Heat transfer is the process by which heat energy is exchanged between materials or systems. In this example, the rod connected to the furnace wall transfers heat from the furnace to the surrounding air.
The process can occur through conduction, convection, and radiation. Here, we'll focus on conduction and convection, which are the main forms of heat transfer in the rod scenario.

• Conduction: This happens when heat moves through a solid, such as the rod itself and the insulation. The heat flows from areas of higher temperature (the furnace side) to areas of lower temperature (the exposed surface).
• Convection: It comes into play when heat is transferred from the rod's surface to the air. The surrounding air absorbs heat and carries it away from the surface of the rod.

Understanding these two forms of heat transfer helps calculate the temperature at the rod's exposed surface and ensures the temperature is kept below a safe limit to prevent cable damage.

Thermal Resistance

Thermal resistance is a measure of how well a material resists the flow of heat. It acts much like electrical resistance, helping us understand how heat flows through different layers in the system.

• Conduction Resistance: This is due to the insulation around the rod. The thermal resistance due to conduction, given by \( R_{cond} = \frac{L_{ins}}{k \cdot A} \), shows how much the material opposes the heat flow due to its thermal conductivity \( k \), insulation thickness \( L_{ins} \), and area \( A \).
• Convection Resistance: Refers to the resistance on the surface of the rod, expressed as \( R_{conv} = \frac{1}{h \cdot A} \). It depends on the convection coefficient \( h \) and the surface area \( A \).

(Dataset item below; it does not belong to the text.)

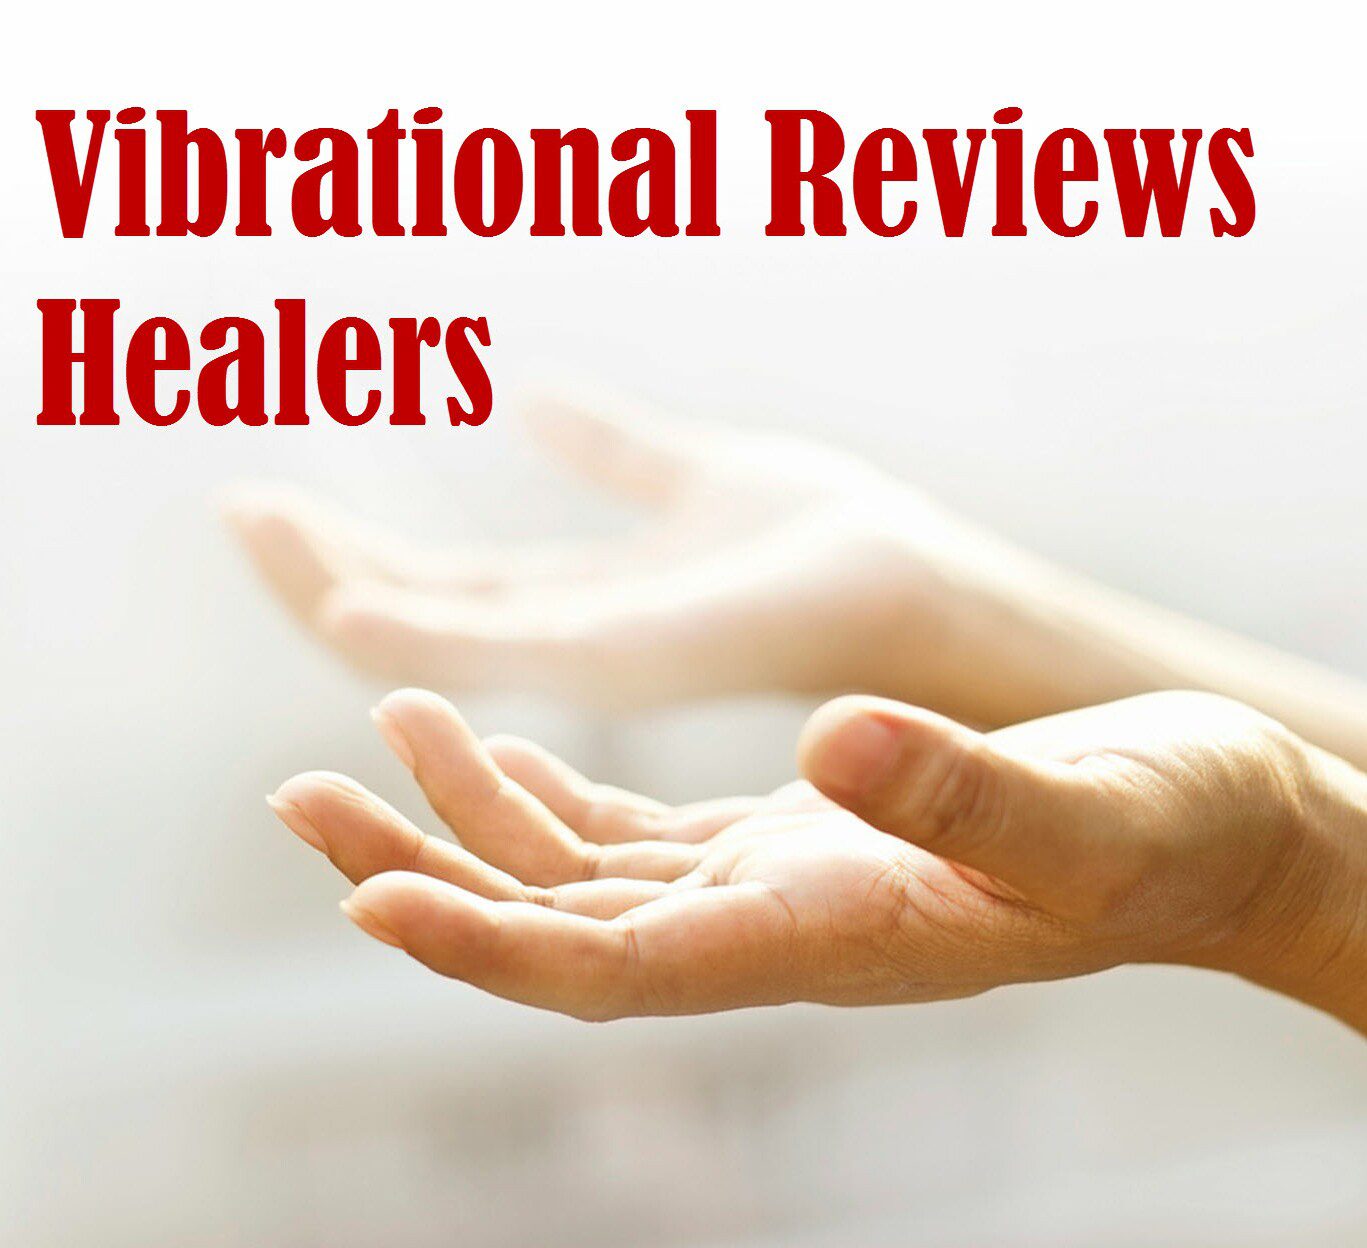 Some vibrational reviews for a change of pace

By summing these resistances, we get the total thermal resistance. It helps predict the heat transfer rate, which is crucial for finding the exposed surface temperature \( T_o \). Proper management of thermal resistance ensures the temperature limits are not exceeded.

Convection Coefficient

The convection coefficient \( h \) is a key factor in the rate of convective heat transfer, which describes how efficiently heat is transferred from a surface to a fluid. A higher \( h \) implies better heat transfer as the air absorbs the heat more effectively.
For a rod exposed to air, which in this case refers to the ambient air surrounding the rod, the value \( h = 15 \text{ W/m}^2 \cdot \text{K} \) was given, indicating how heat flows to the air from the rod.

This coefficient is essential in tailoring the design to control temperature effectively. If the calculated exposed surface temperature \( T_o \) exceeds \( T_{max} \), altering \( h \) by changing environmental conditions or surface treatments can often help achieve desired heat transfer.

Thermal Insulation

Thermal insulation plays a crucial role in reducing heat flow from the furnace wall to the environment. By adding an insulating layer, you lower the rate at which heat is conducted along the rod, keeping the exposed surface temperature in check.
Insulation is quantified by its thickness \( L_{ins} \) and material thermal conductivity \( k \). In this exercise, a thickness of 200 mm is specified. A thicker or more conductive insulating material can help keep the temperature lower.

• Using thicker insulation can improve thermal resistance, thereby lowering the heat transfer rate and protecting against excess heating.
• Choosing a material with low thermal conductivity enhances insulation capabilities, effectively acting as a barrier to heat flow.

By optimizing insulation properties, you can maintain safe temperature conditions for the rod, ensuring it doesn't exceed operating limits.